Pero habló sin pensar en lo que decía, pues estaba concentrada en la tarea de cambiar los pañales del niño.
El aire de la mañana otoñal era frío, y los árboles se veían despojados de todas sus hojas. Hella sintió en su nariz un fuerte olor a manzanas caídas; procedente del otro lado de las ajardinadas colinas, sentía el frescor del río Weser, recién acariciado por las lluvias del otoño. Al otro lado de la Kurfürsten Allee vio a una joven y bonita muchacha que vigilaba a cuatro niños, los cuales jugaban debajo de los árboles, apilando las hojas caídas. Luego, al sentir frío, Hella se metió en la casa.
Bajó las escaleras de la bodega y abrió la puerta de tela metálica que encerraba su parte del sótano. Llenó el cubo con trozos de carbón. Trató de levantarlo, pero, sorprendida, vio que no podía. Hizo un gran esfuerzo. Se sintió desfallecer. Por un momento, la muchacha se asustó. Se asió a la tela metálica, y el desfallecimiento, la sensación de tremenda debilidad, desapareció. Tomó tres trozos de carbón y se los puso en el delantal, que asió por los extremos, formando un cesto.

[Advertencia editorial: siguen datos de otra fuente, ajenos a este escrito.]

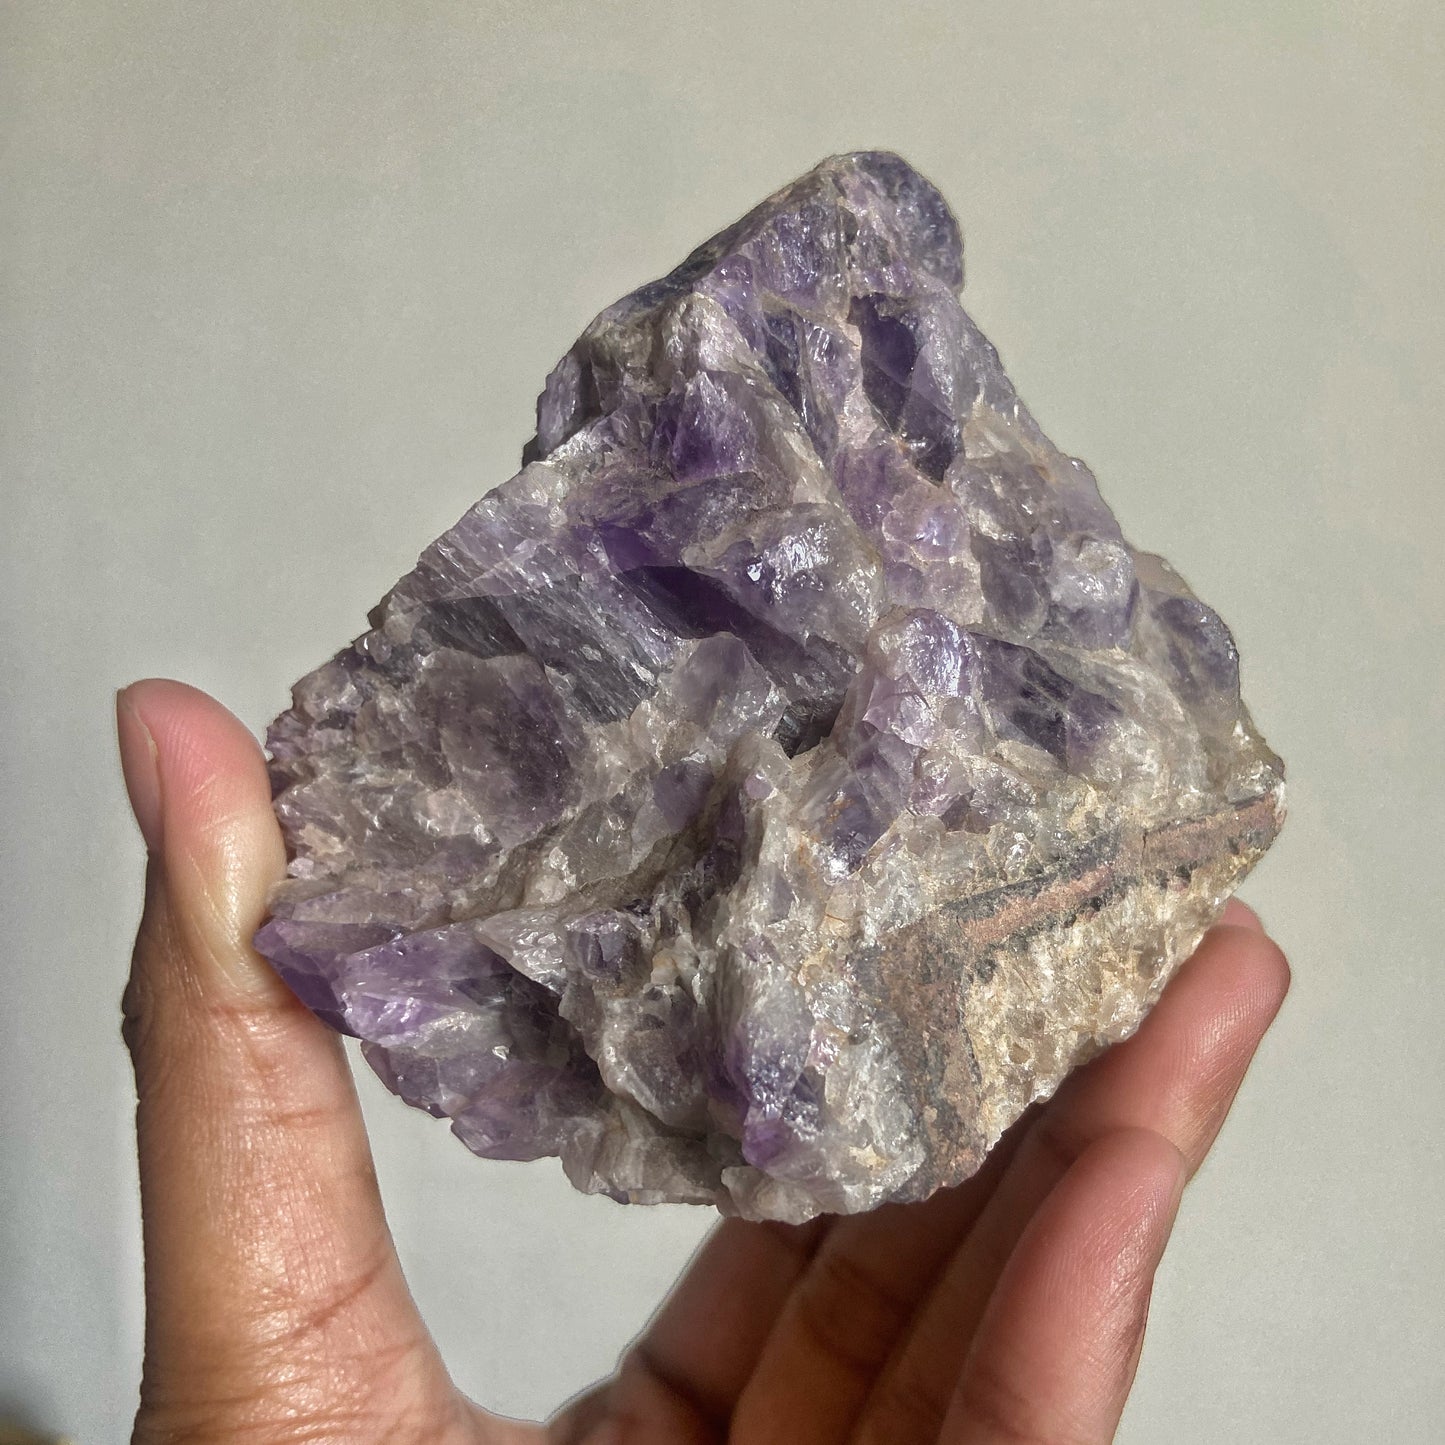 Amethyst Raw Stone - 380 Gm | Helps activating Third Eye & Psychic abilities

Con su mano libre cerró la puerta, y luego comenzó a subir las escaleras.
Cuando se hallaba a mitad del último tramo, sus piernas se negaron a moverse. La muchacha estaba perpleja. Un tremendo escalofrío se apoderó de su cuerpo. Se le reventó uno de los vasos sanguíneos, y sintió un dolor tan fuerte, que le pareció como si su cerebro fuera golpeado con un pico. Ni se dio cuenta de que el carbón estaba rodando escaleras abajo. Comenzó a caer, a hundirse, y vio, como a través de una espesa niebla, a Frau Saunders inclinada sobre el pasamano, con el niño en brazos. Le parecía que estaban muy cerca y muy lejos a la vez. Levantó los brazos hacia ellos y comenzó a gritar, y luego se fue alejando de la horrorizada cara de Frau Saunders y del niñito vestido de blanco, y, todavía gritando, se fue alejando más y más de su propia voz, hasta que no pudo ya oírla.